I have not mentioned here the usual caveat that an attack on the Sunnis by America and the “80%” would bring the Sunnis of Saudi Arabia, Jordan, Syria etc in on the side of the Iraqi Sunnis. I think that the lesson of the Palestinian struggle is that the Sunni leadership of the region has an enormous capacity to stand by while Sunnis are slaughtered. Besides the rulers of the Middle East are acutely aware that if they get involved in a regional Sunni–Shia war then it is very probable that their regimes will not survive.

So I have not answered my own question as to what I think is going on.  There are so many elements at work that it is of course very difficult.  But I think that there is a distinct element of class struggle within the Shia.  This is distorted by religion and as we all know or should know the primary function of religion is to do just that. But a struggle for control over the Shia is underway.  When the Prime Minister al-Maliki went to Jordan against the explicit command of al-Sadr he chose sides in that struggle.

Al-Sadr should now know that an attack from al-Hakim’s Badr Militia backed up by the USA is very possible. It is worth pointing out here that al-Hakim is close to Iran and so an alliance with him is a de facto alliance with the Iranians.  Such an attack on al-Sadr can only push him one way – towards an alliance with the Sunnis.  If he chooses that he will survive.  If he refuses he will go under.

So to return to the heading for this post: after Baker what?  Well the safe answer would appear to be more struggle while the Americans claim to be attempt to stabilise the country: that after ruining it by bombing it and also by putting the Shia into power.
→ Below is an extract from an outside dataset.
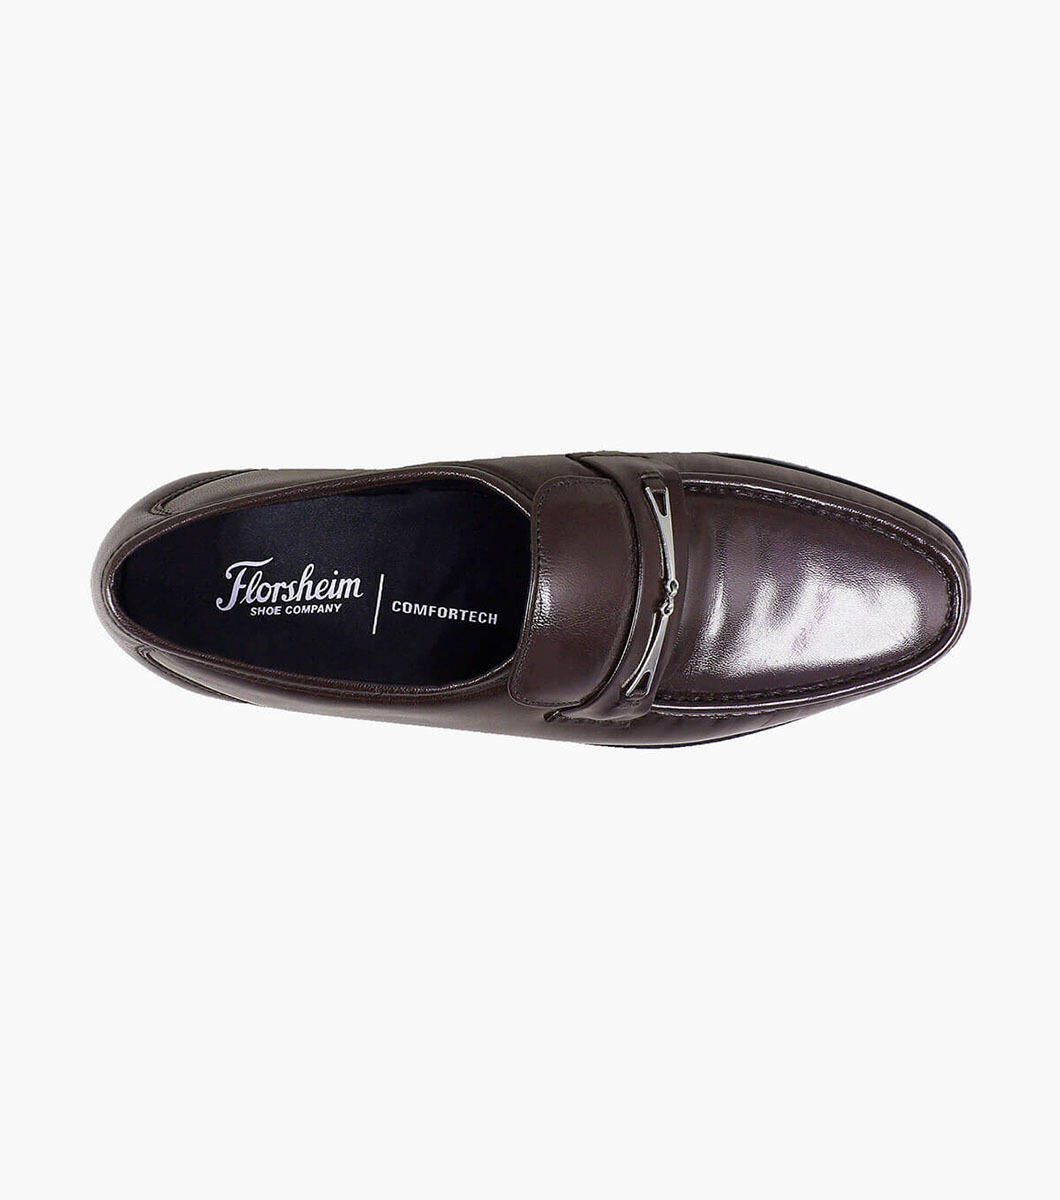 Men's Florsheim Dancer Cognac Loafers | Florsheim Mens shoes Dancer Moc Toe Slip On Cognac kidskin Leather 11002-03 new-Brandy

This is not to make an anti-Shia point.  Rather it is to point to the reality that in Iraq the Shia have been that section of the population traditionally excluded from running the modern state.  The experts are largely drawn from the Sunni sect.

I have not mentioned the Kurds in any of this.  The reason is that they will do whatever it takes to do whatever America wants.  The only problem for the Kurds is working out what America wants.

Finally what could happen that will make the coming year even more difficult for American imperialism?  Lebanon could fall to a radical Islamic government. Hamas could emerge even stronger from the class with Abbas and the thugs of  Daylan. But the really earth shattering event would be the emergence of a revolutionary Arab government either in Egypt or Syria. Such an event is a long way off, but events in Iraq despite the awful sectarian bloodshed have made the emergence of the Arab revolution more and not less likely and of course that is the spectre that was haunting the Baker-Hamilton report.